Así cerró un concierto que dejó esa especie de sabor agridulce que poseen muchas de las composiciones de Johnston.
¿Cuál es la diferencia entre “Only love can break your heart”, “I’ll never fall in love again” o “You’ve got to hide your love away” y “Speeding motorcycle”? Sí, que la que mejores metáforas usa es la que más lejos está del cancionero clásico. Pero también hay que recordar que mientras Young, Bacharach o Lennon estaban procesando conscientemente un sentimiento, Johnston lo exudaba. Esto para bien y para mal, pues así como se permitía componer sin cortapisas formales o de estilo, también se pasaba semanas encerrado mientras pensaba que sus vecinos eran vampiros de verdad. Si el anti-folk se jugó por una estética lo-fi de forma explícita, el amateurismo en Johnston está casado sin remedio con el contenido de su obra. Pasa lo mismo con el calculado infantilismo de Jonathan Richman –por dar un ejemplo–, que seguro no se queda “en personaje” cuando va al supermercado o regaña a sus hijos. Con Johnston esa frontera no existe. Ahí reside el vértigo de su obra.

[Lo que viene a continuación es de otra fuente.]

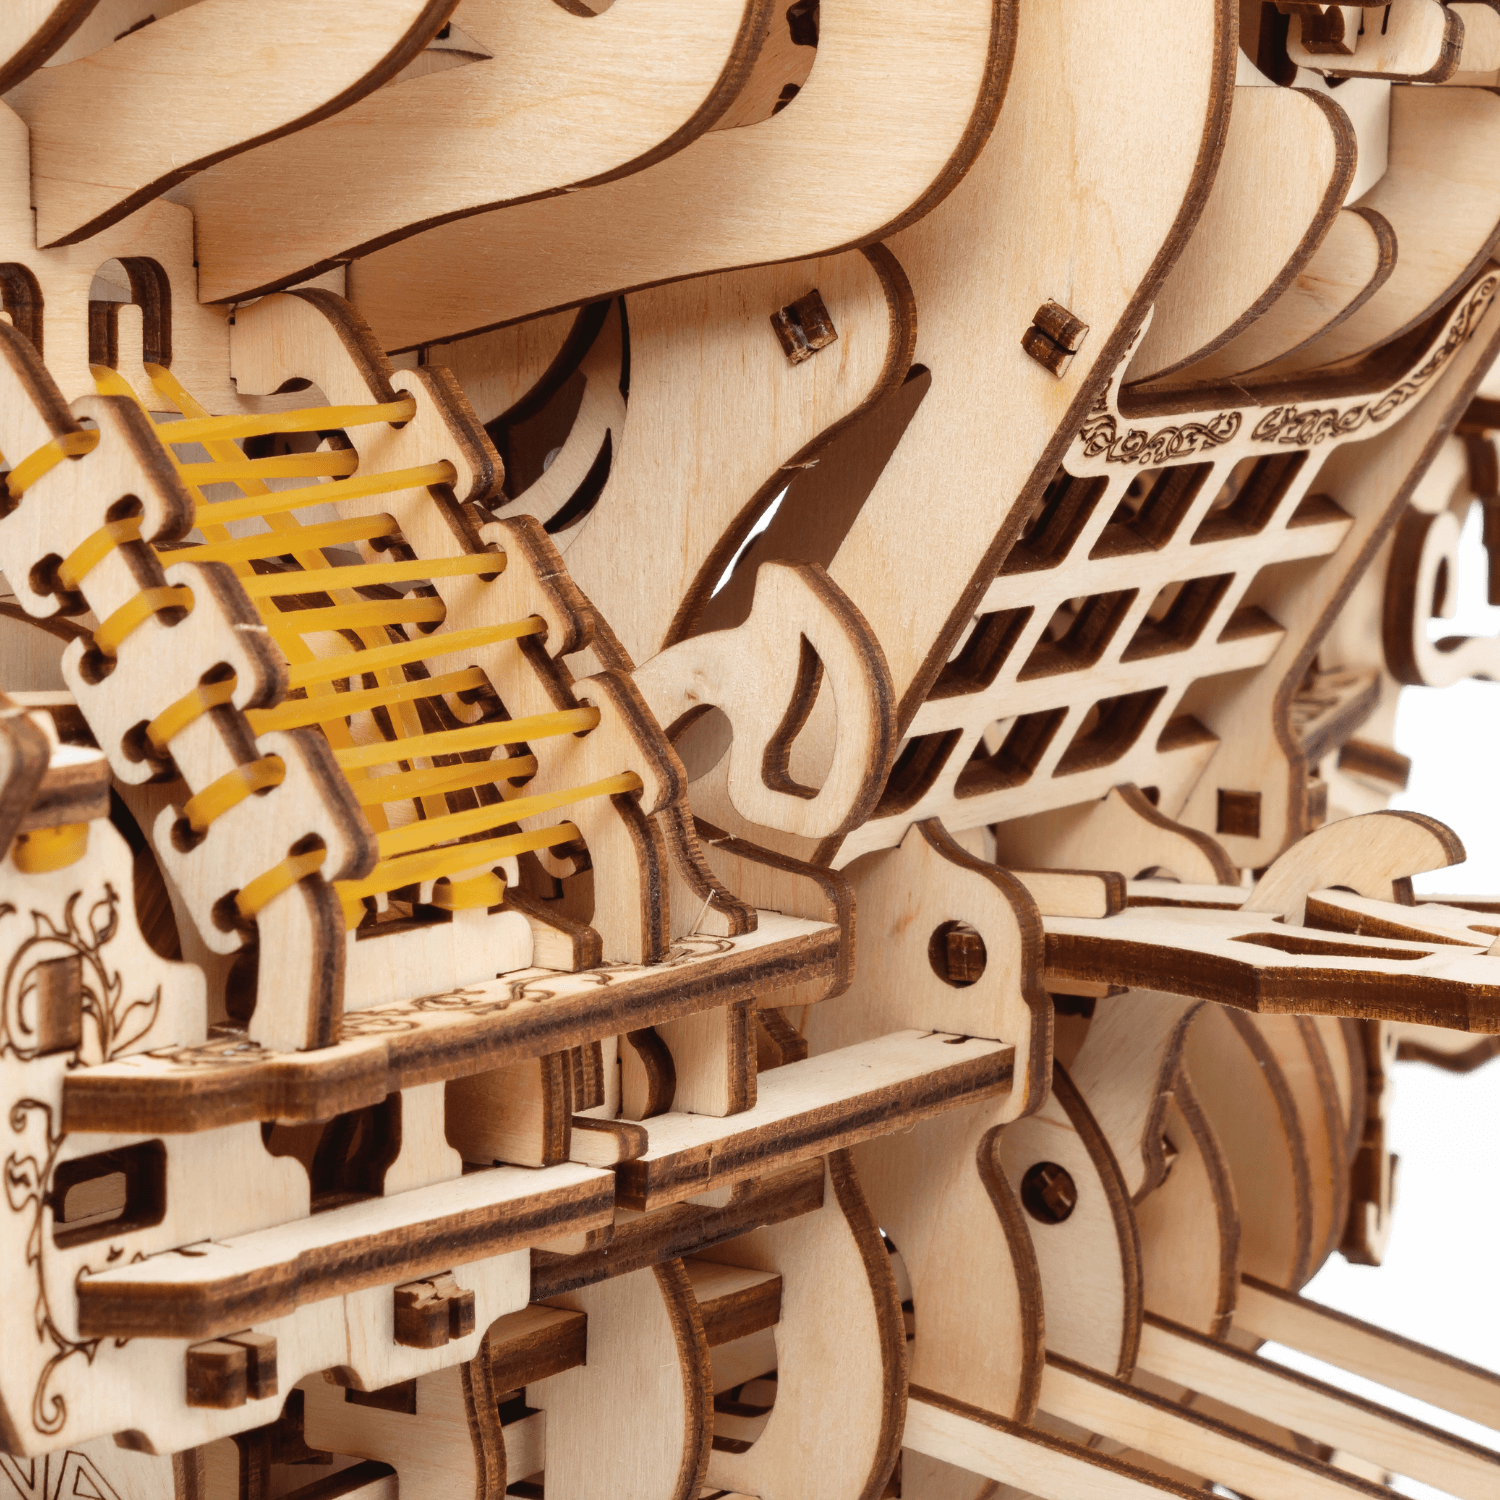 Mechanisch luchtschip | Skylord-Mechanische houten puzzel-Eco-Hout-Kunst...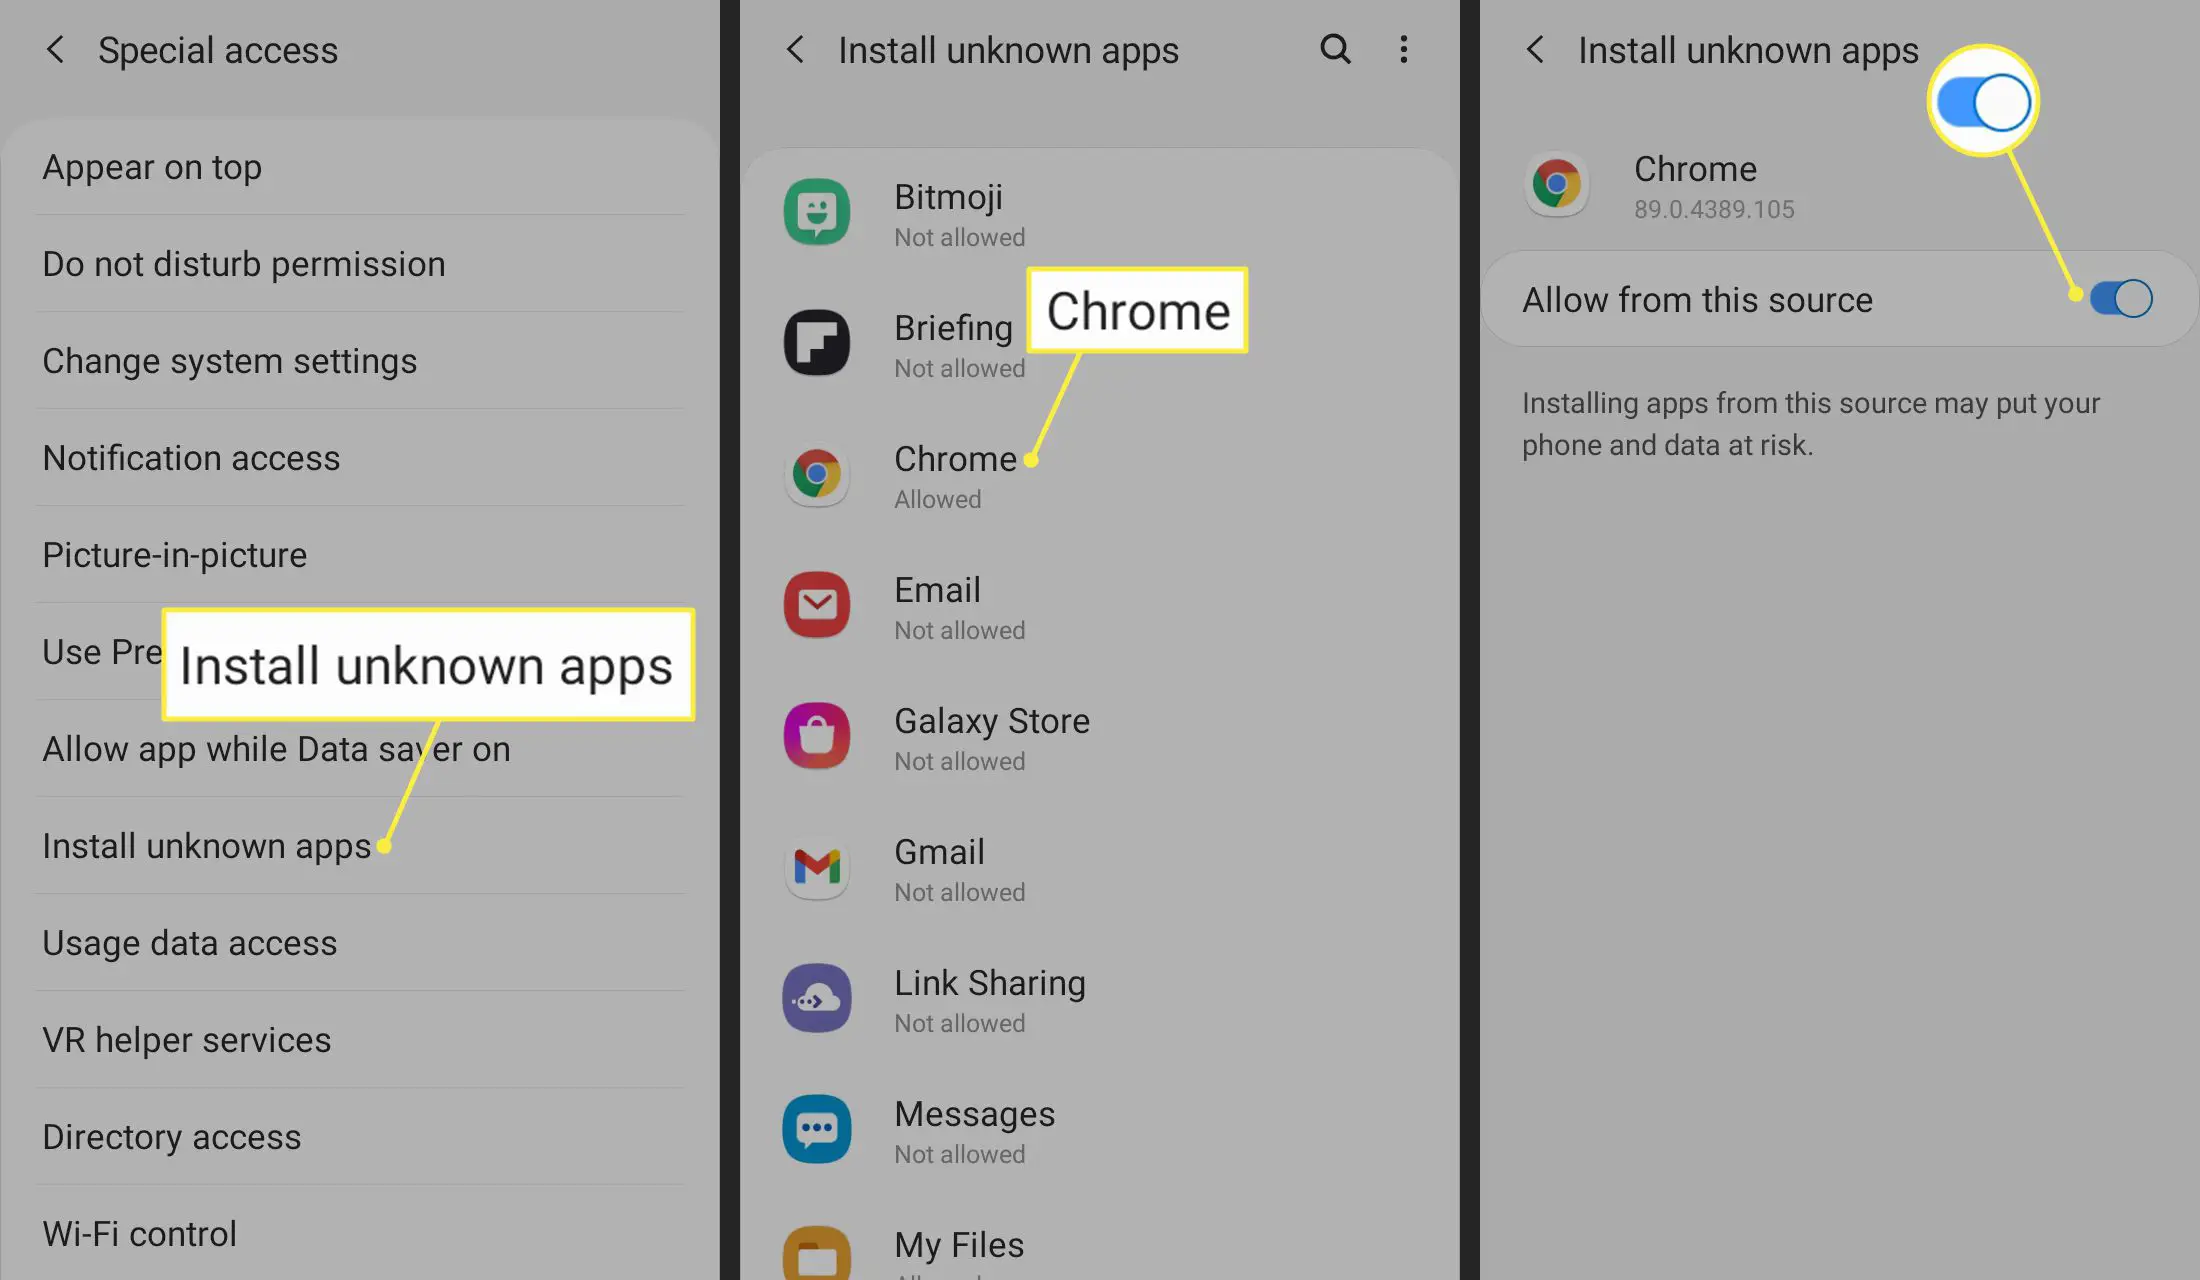 Instale aplicativos desconhecidos, Chrome e Permitir desta fonte alternar nas configurações do Android

Hace algunas semanas Mario Vargas Llosa escribió un texto tan reaccionario como sus opiniones políticas, en el que expresaba su preocupación por la aparente fusión de la cultura y el entretenimiento. Es muy fácil ver que se trata de las quejas de un señor mayor al que leer los tiempos ya no se le da como antes (dicho en fácil, un viejo choto), pero acertaba al penalizar ciertos intentos de hacer “arte” sin un sentido de la historia. Sin embargo, esa apología por una heurística del arte, margina las innovaciones alienígenas de tipos como Harry Partch, Wild Man Fischer o R. Stevie Moore. O del propio Daniel Johnston. Claro que, así como podemos rastrear a los Beatles y a los Butthole Surfers en el sonido de Johnston, también podemos discutir que lo suyo en rigor no es entretenimiento. Tampoco se puede esconder el papel que juegan los problemas psicológicos en su faceta creadora. ¿Cuánta distancia hay, al final, entre el señor que se planta todos los días en una parada de metro para cantar arias a un público invisible y el Johnston que no quiere jugar cartas con el diablo? La inocencia y lo pop han sido sustituidos por una morbidez, por la proximidad de la muerte, en las últimas composiciones del californiano, y viéndolo sufrir sobre el escenario, es imposible no preguntarse si hay algo de explotación en esto. Pero hay tan pocos compositores vivos capaces de encogerle a uno el corazón con cosas como “The story of an artist”, que lo único que puedo decir, para mitigar el sentimiento de culpa, es que no vuelvo a escuchar outsider music. Bueno, por lo menos no en vivo.